The Ai Function
A relationship between objects can always be written, that is, everything that exists has some relationship with everything else. Whether that relationship is definable or not is only limited by other parameters. That being said, the key to any artificial intellect is to design the system with the ability to take any set of objects in any space and in short order write their true mathematical relationship.
Most of the modern scientific community approaches Ai concepts using forms of logical schemas such as regular expression. The draw back to this approach is that it is not truly object-oriented logic and generally falls short of defining a system. It is cumbersome and much like trying to teach a language to someone without using pictures or sound.
We tend to think of intellect as overwhelmingly difficult since we do not understand the foundation. Any intellect starts with two or more objects and, depending on its depth, writes their logical relationship by observing their place in the same space. In animals, this involves a set of parameters such as sensory perception ( taste, sound, smell…), weighted importance, and synthetic creation. The later being unique to humans at this point in time. Feelings and emotion are not a consideration in the primary design of Ai. Once a true Ai system is built, adding advanced concepts are “icing on the cake”, so to speak. A fundamental Ai system involves memory, process and synthetic projection.
Most scientists believe synthesizing is a much more advanced concept when developing Ai, but it may surprise even the best designers that the most basic Ai can predict events far more accurately than the average human. This is because we think in linear fashion, where, there isn’t probably ten people on earth that can permute past the second degree in their minds. However, Ai can permute a virtual unlimited set of data with no error, in milliseconds. There is a key to this process that did not exist until the advent of advanced processors. Coupling computer software drivers with advanced mathematical concepts allows the Ai system to virtually formulate independent thought.
It is a fundamental process to take objects and continually update their relationship in the human intellect. This is done without scripting ( equations ) in humans by weighted pointers. For example, a child does not need to define grammatical structure in order to speak his native language. Why? Because they acquire their object oriented relationship through weighted pointers. These logical pointers, if viewed, would look like a maze of interconnected weighted links. Each link would point to an object and relevance would be their key.
As an example, if you are asked “Why is the sky blue?” you’re mind first associates the word “Why” as an introduction to a question, perhaps with little relevance since you were not told the importance of the question. Your ability to know that “Why” is an introduction to a question is also precluded by an array of pointers. Next the word “is” has been pointed to from “Why” giving much more relevance to the statement since the statement “Why is…” is extremely weighted and your mind anticipates the outcome - got your attention so to speak. You are somewhat unaware of the mental processes taking place while your brain is analyzing this simple question. Of course, it is a loose analogy to use the word “weighted” since in a true Ai system “weighted” will mean crunching data objects using advanced mathematics with supportive programs.
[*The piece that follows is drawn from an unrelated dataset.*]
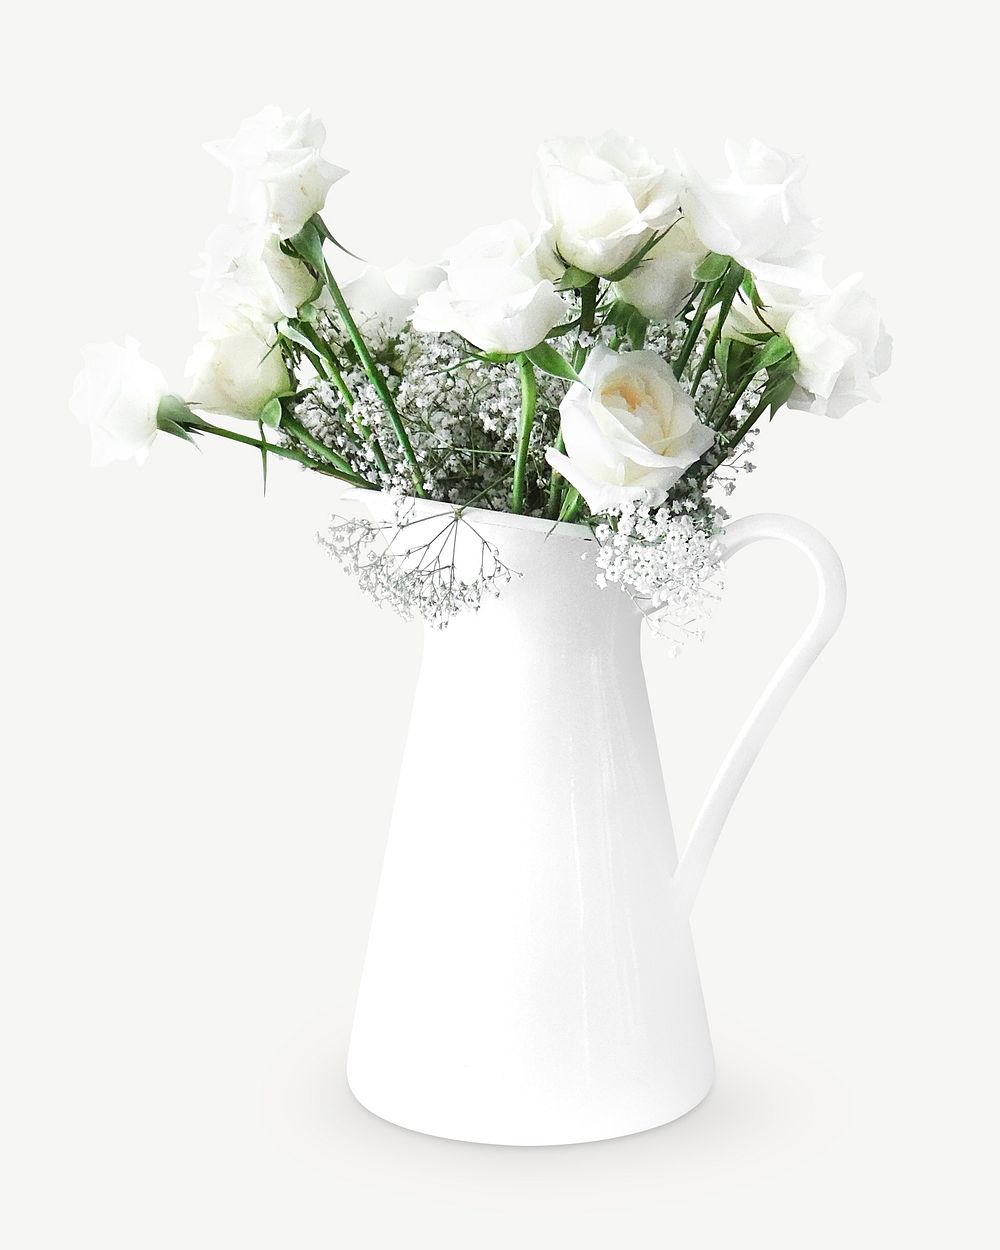 White rose vase psd collage element

Looking at an Ai process at this point shows a rather huge collection of pointers moving in all directions. These pointers are all weighted and span everything in your mental acuity. Your brain is in standby, waiting on the next word to reduce the possible solution path. With each successive word, the conclusion path is reducing and given what you do know about the statement, it may point to a single set of objects satisfying the outcome.
The point to this exercise is that you do not need to quantitatively solve this statement using logical schema in order to respond and neither does any Ai system. If the fundamental Ai touring machine where placed in a child’s environment it would be only as smart as the child. However, the same machine placed in an engineering environment would expand to the level of that environment and be at least as rote smart as any engineer, have virtually unlimited memory and be able to assimilate extremely complicated outcomes in seconds.
What are the advantages to the Ai system? Imagine a system capable of taking observed empirical data, reducing that data ( while throwing out non - related objects ) and deriving the highest possible solution set. All the while, Ai shows the user what percent correlation has taken place in the process. This is done in seconds and with no errors. As an example, a cancer researcher collects pages of tested data and through exhaustive trial tries to find a correlation between events and objects. The researcher is incapable of reducing relations beyond P2, since he or she would generally use some predefined schema or transformation technique to try and find the answer. Ai would take the same data in its entirety and write the true equation of the system in seconds, while discarding unusable data. The result is that cancer would become a forgotten disease in short order. In space travel the Ai system would be able to derive conclusions of data in seconds and be only limited by its sensors. In the more difficult Mathematical problems Ai, though not showing a discreet proof of the problem, could show the equation that satisfies the solution set.
The applications are as large as mankind for the Ai function. The algorithm for Ai is one of my pet projects and it quite involved. However, I have seen outstanding results in the ability of this system to predict Newtonian and Euler outcomes even at an incomplete stage. I envision the Ai processor as a new environment that will facilitate every walk of life.